>>>>>

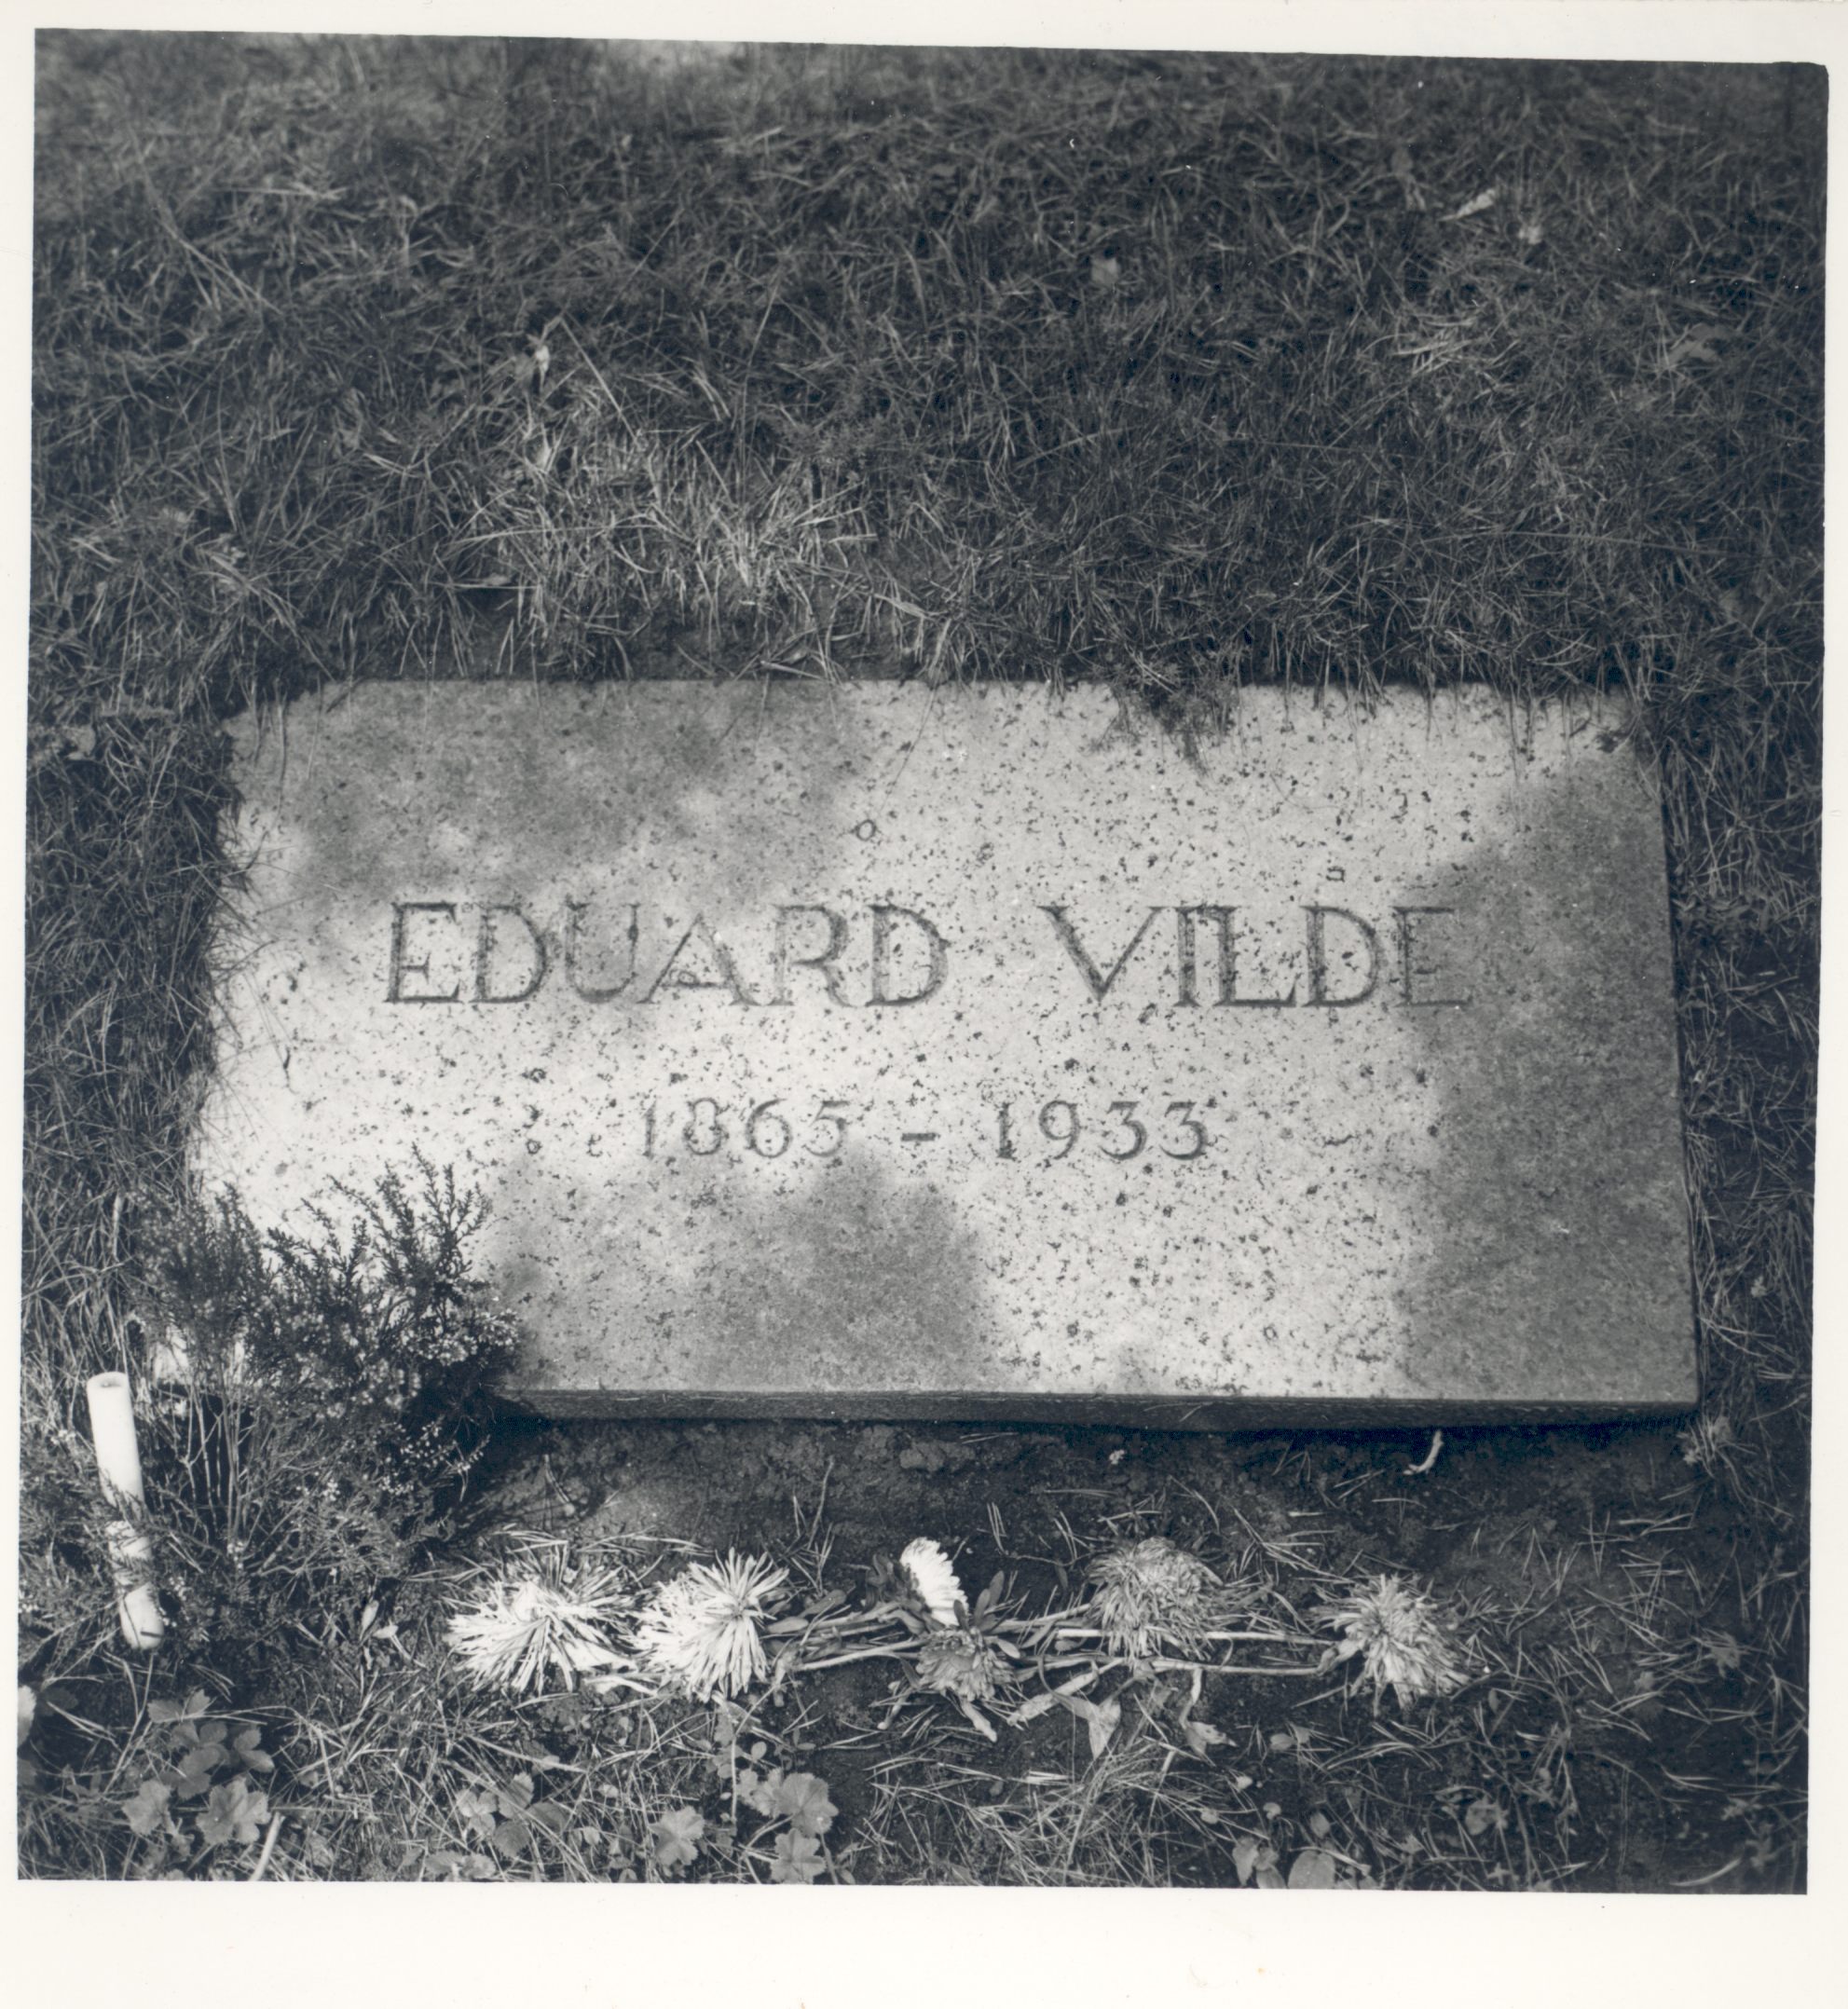 Vilde, Eduard, e. Vilde's grave at the Tallinn Forest Hall
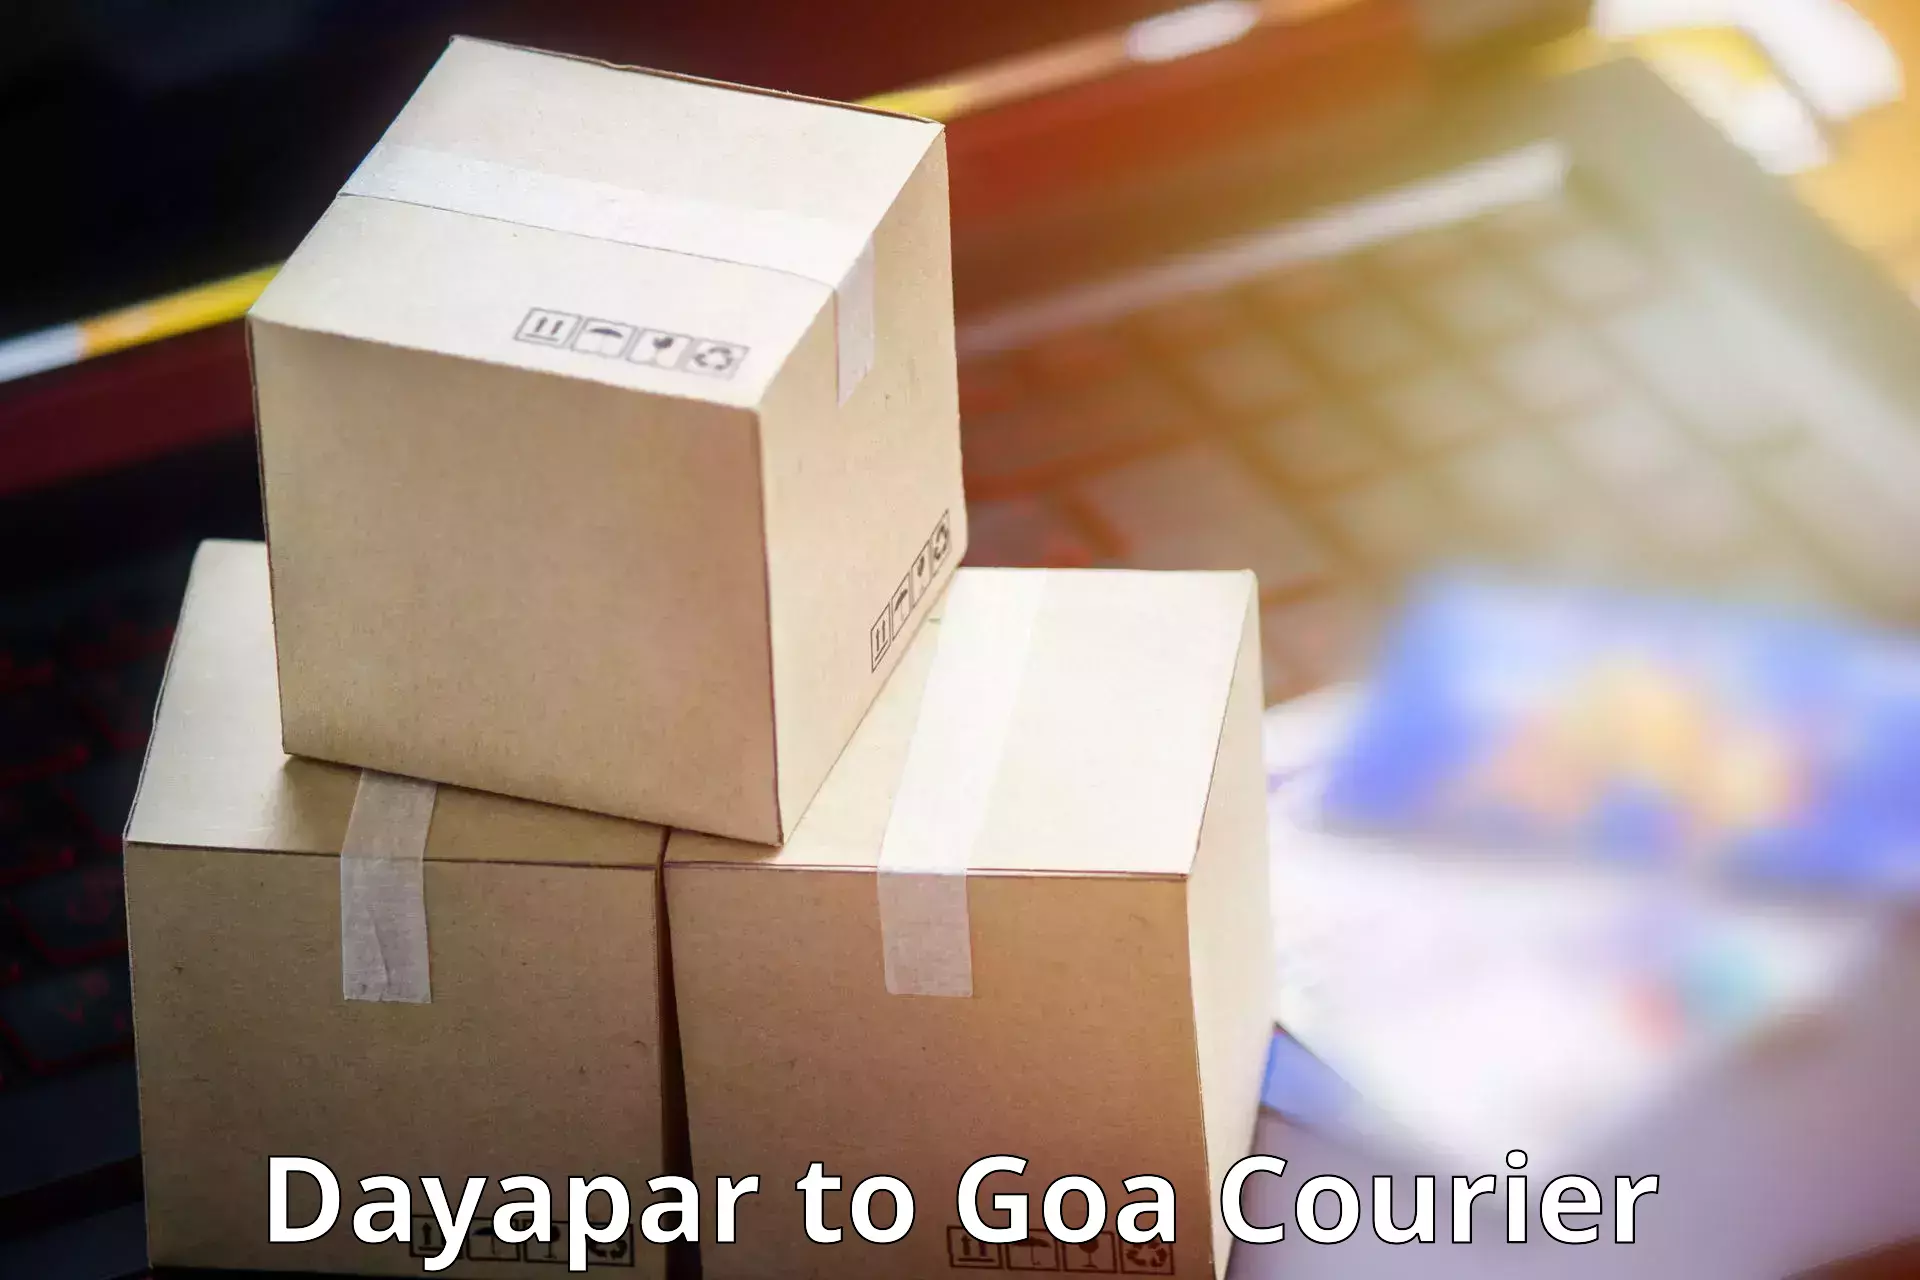 Express courier facilities Dayapar to Goa
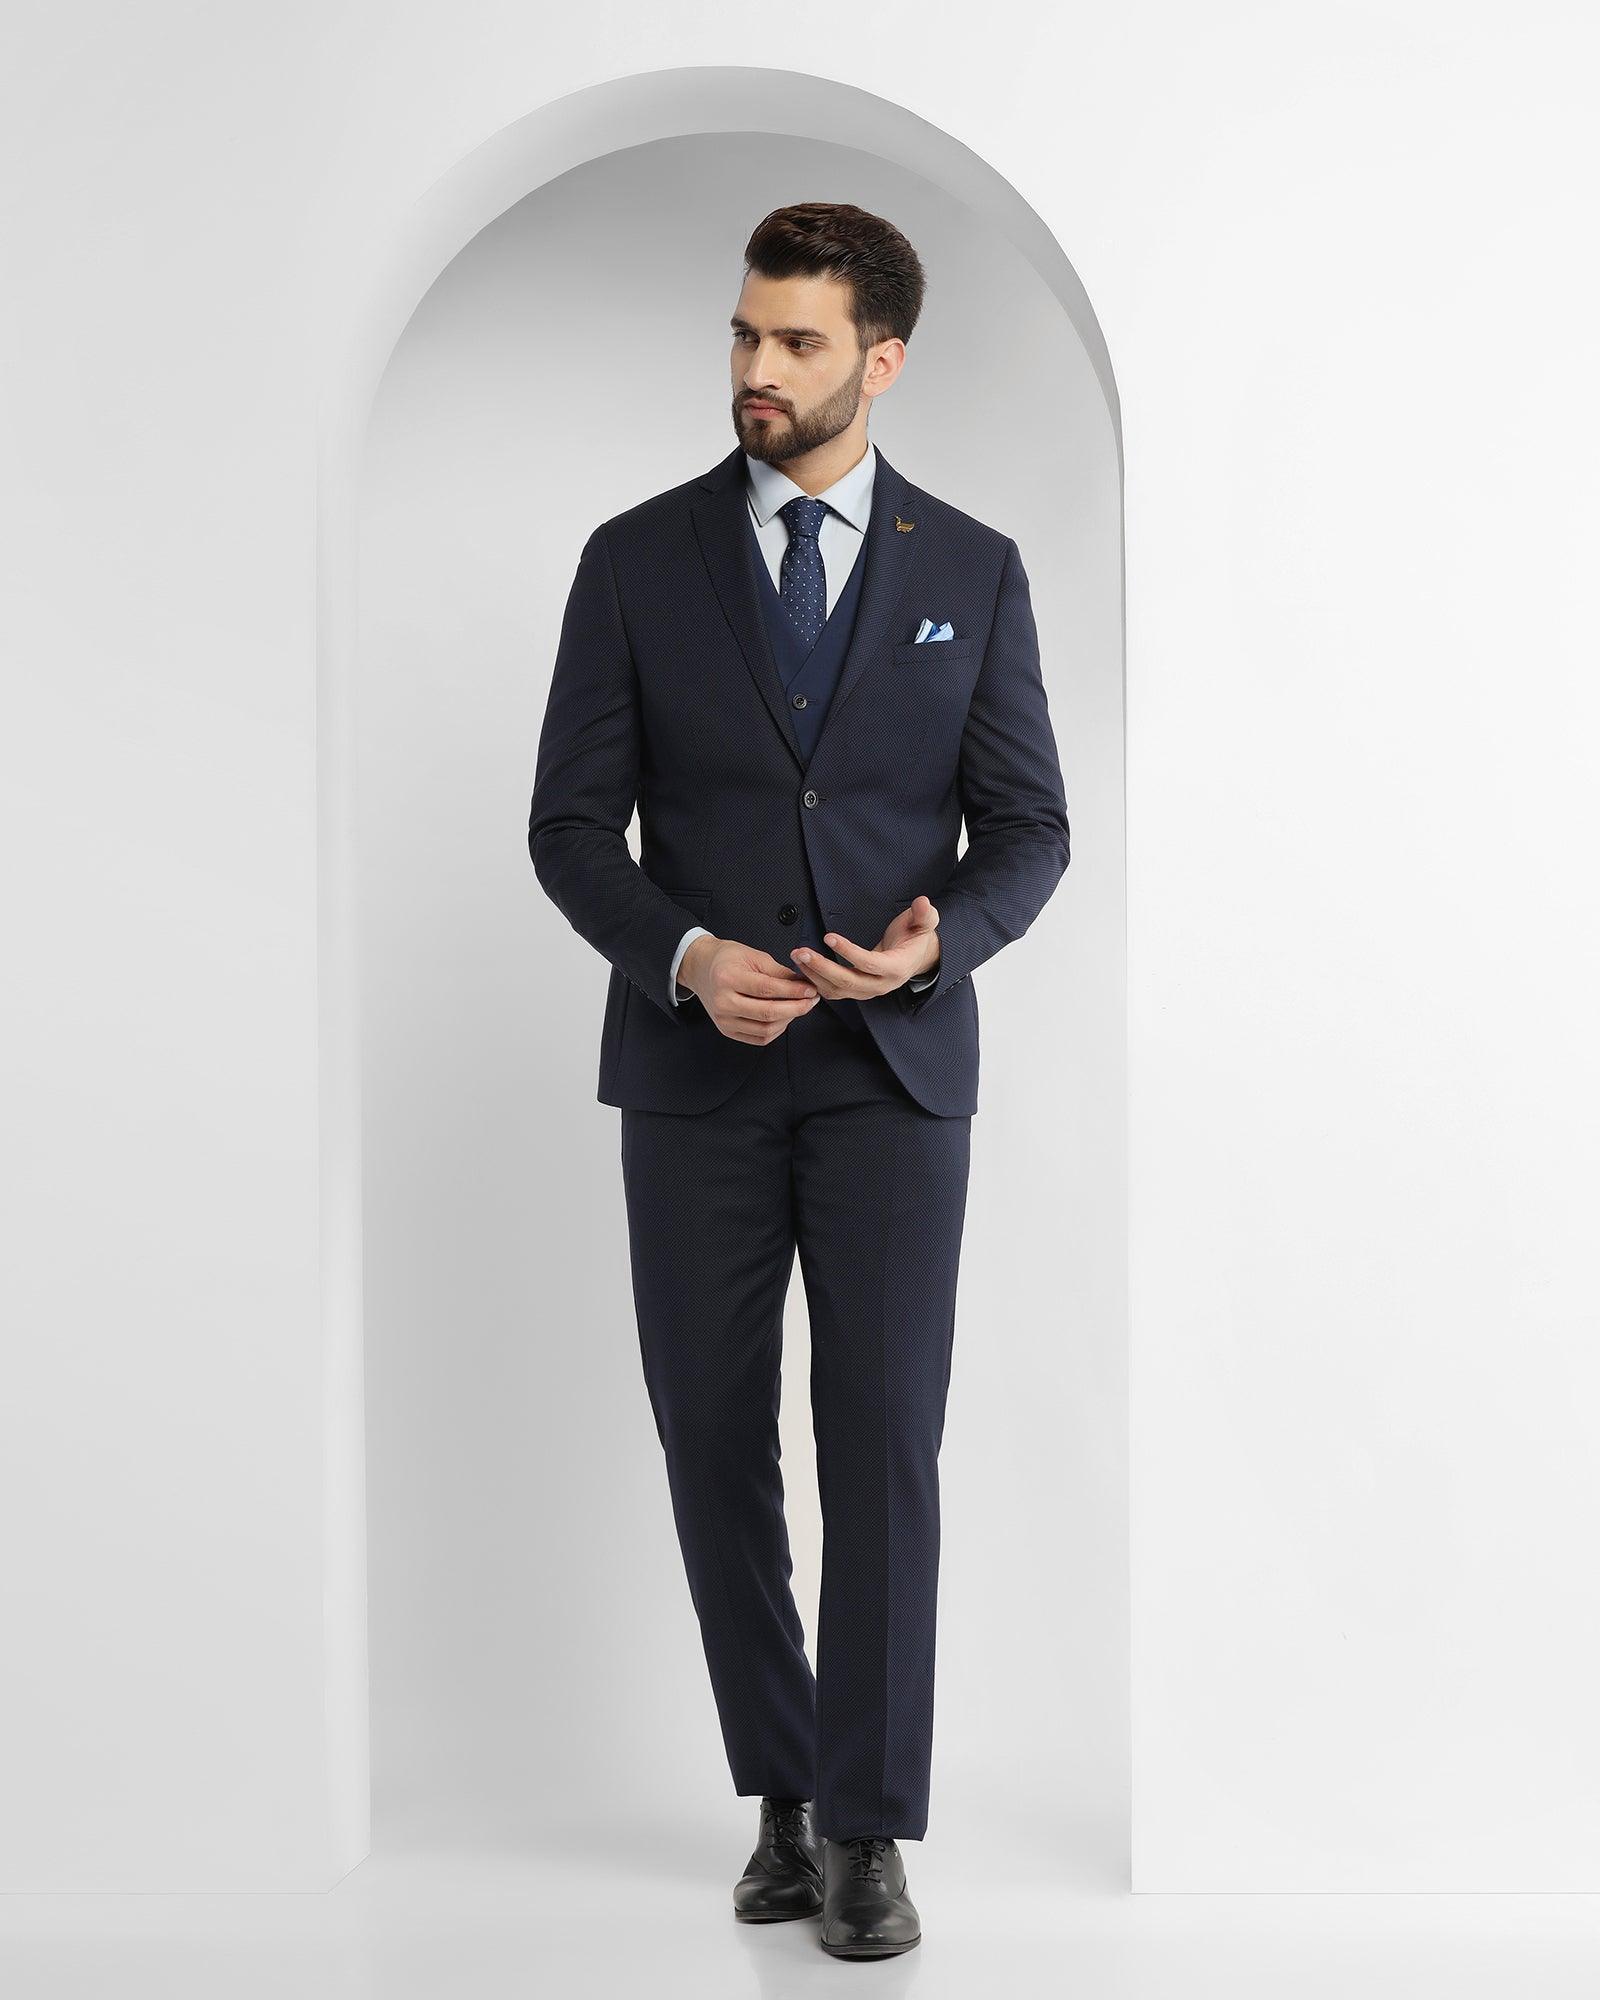 LoveeToo Men's Suit 3 Pieces Royal Royal Blue Slim Fit Tuxedo

<<<<<

:: TASK ITEM ::
Could the material above be given again exactly, pictures excluded?

:: RESULT OF THIS EXERCISE ::
 Vilde, Eduard, e. Vilde's grave at the Tallinn Forest Hall
 Express courier facilities Dayapar to Goa
 LoveeToo Men's Suit 3 Pieces Royal Royal Blue Slim Fit Tuxedo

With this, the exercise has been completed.